Surgeons in the European clinic perform various types of radical and palliative interventions. The specialists of our endoscopy branch have extensive experience in the installation of stents in the intestine, bile ducts and other hollow organs. In the interventional surgery department, radio frequency ablation is performed, chemophymbolization during metastases in the liver.

Radiation therapy

Radiation therapy can be assigned to ( neoadyvante ), after ( Adjuvant ) Operations at the intestine or as the main method of treatment with metastatic cancer, to combat symptoms.

If the radiation therapy is combined with chemotherapy, then such treatment is called Chemology therapy .
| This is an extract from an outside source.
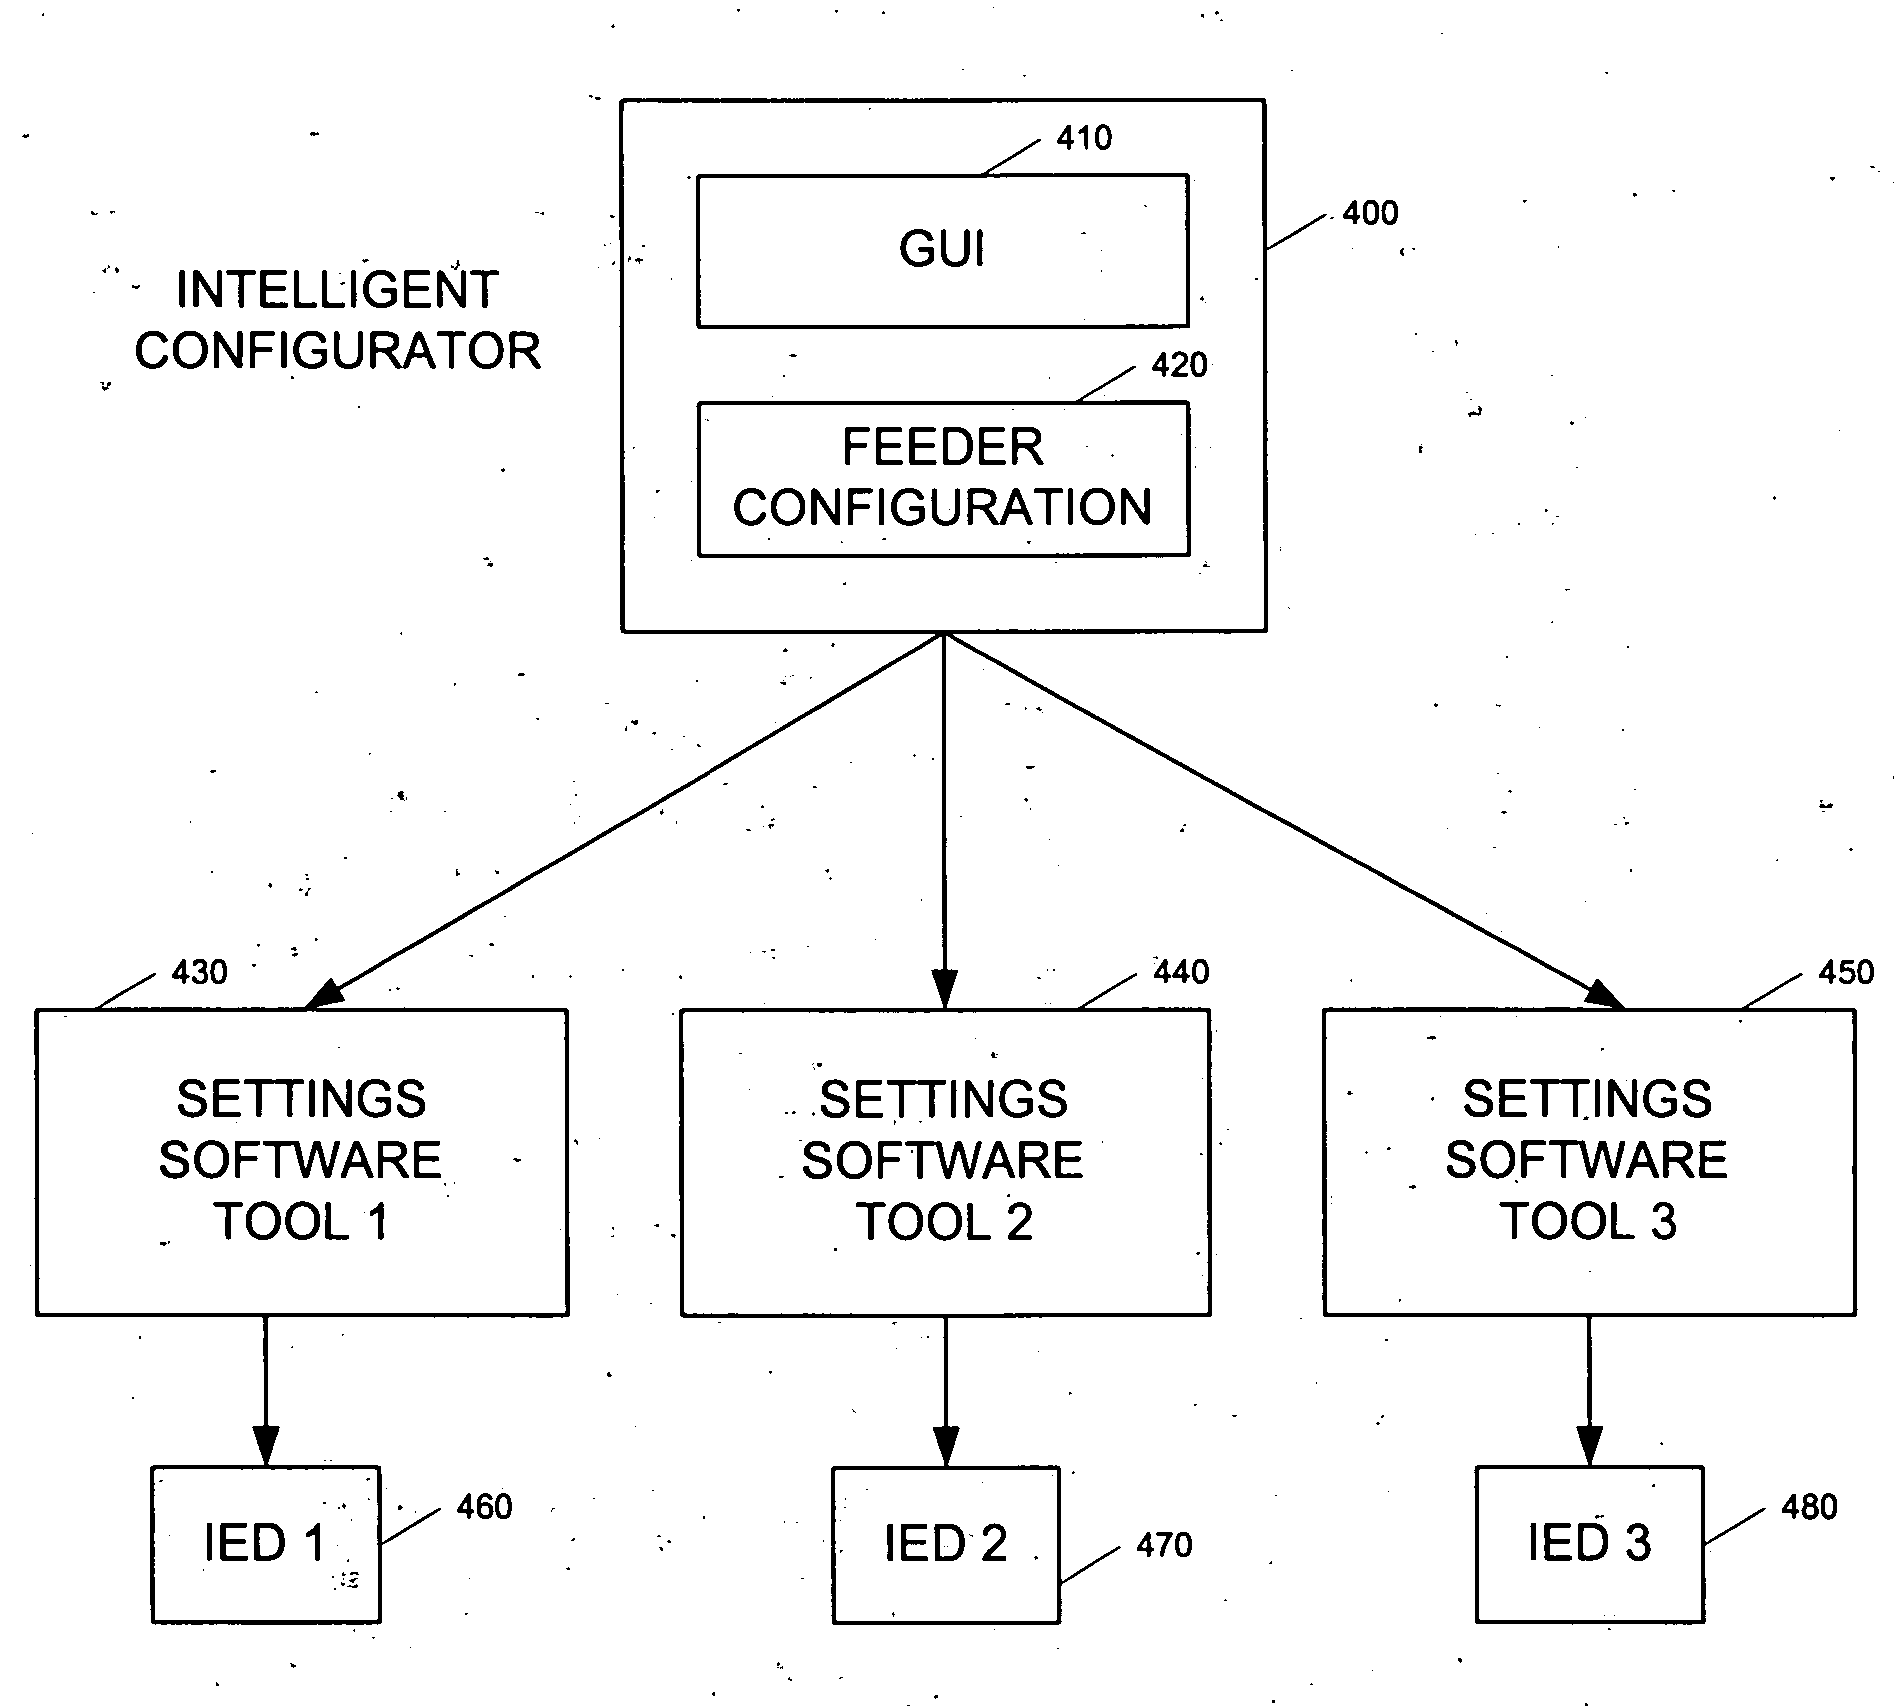 Automated intelligent configuration tool for power system protection and control and monitoring devices

The main indicator by which the forecast of cancer diseases and other organs is determined during cancer and other organs - five-year survival. It shows the percentage of patients who remained alive five years after they were diagnosed.

Five-year survival in colorectal cancer depends on the stage:

  • With localized cancer (It did not spread beyond the intestinal wall - stage I, IIA and IIB) - 90%.
  • When cancer, spreading to neighboring organs and regional lymph nodes (Stage III) - 71%.
  • With metastatic cancer (Stage IV) - 14%.

As can be seen from these numbers, malignant tumors of the colon in the early stages are most successfully treated, and in the event of metastases, the forecast deteriorates sharply. However, these indicators are only approximate. They are calculated on the basis of statistics among patients who have cancer in the colon was diagnosed five years ago and earlier. During this time, some changes occurred in oncology, new technologies, preparations appeared.

You can never give up hands. Even with a launched cancer with metastases, the patient can help, extend his life, get rid of painful symptoms. Doctors of the European Clinic are taken for the treatment of any patients. We know how to help.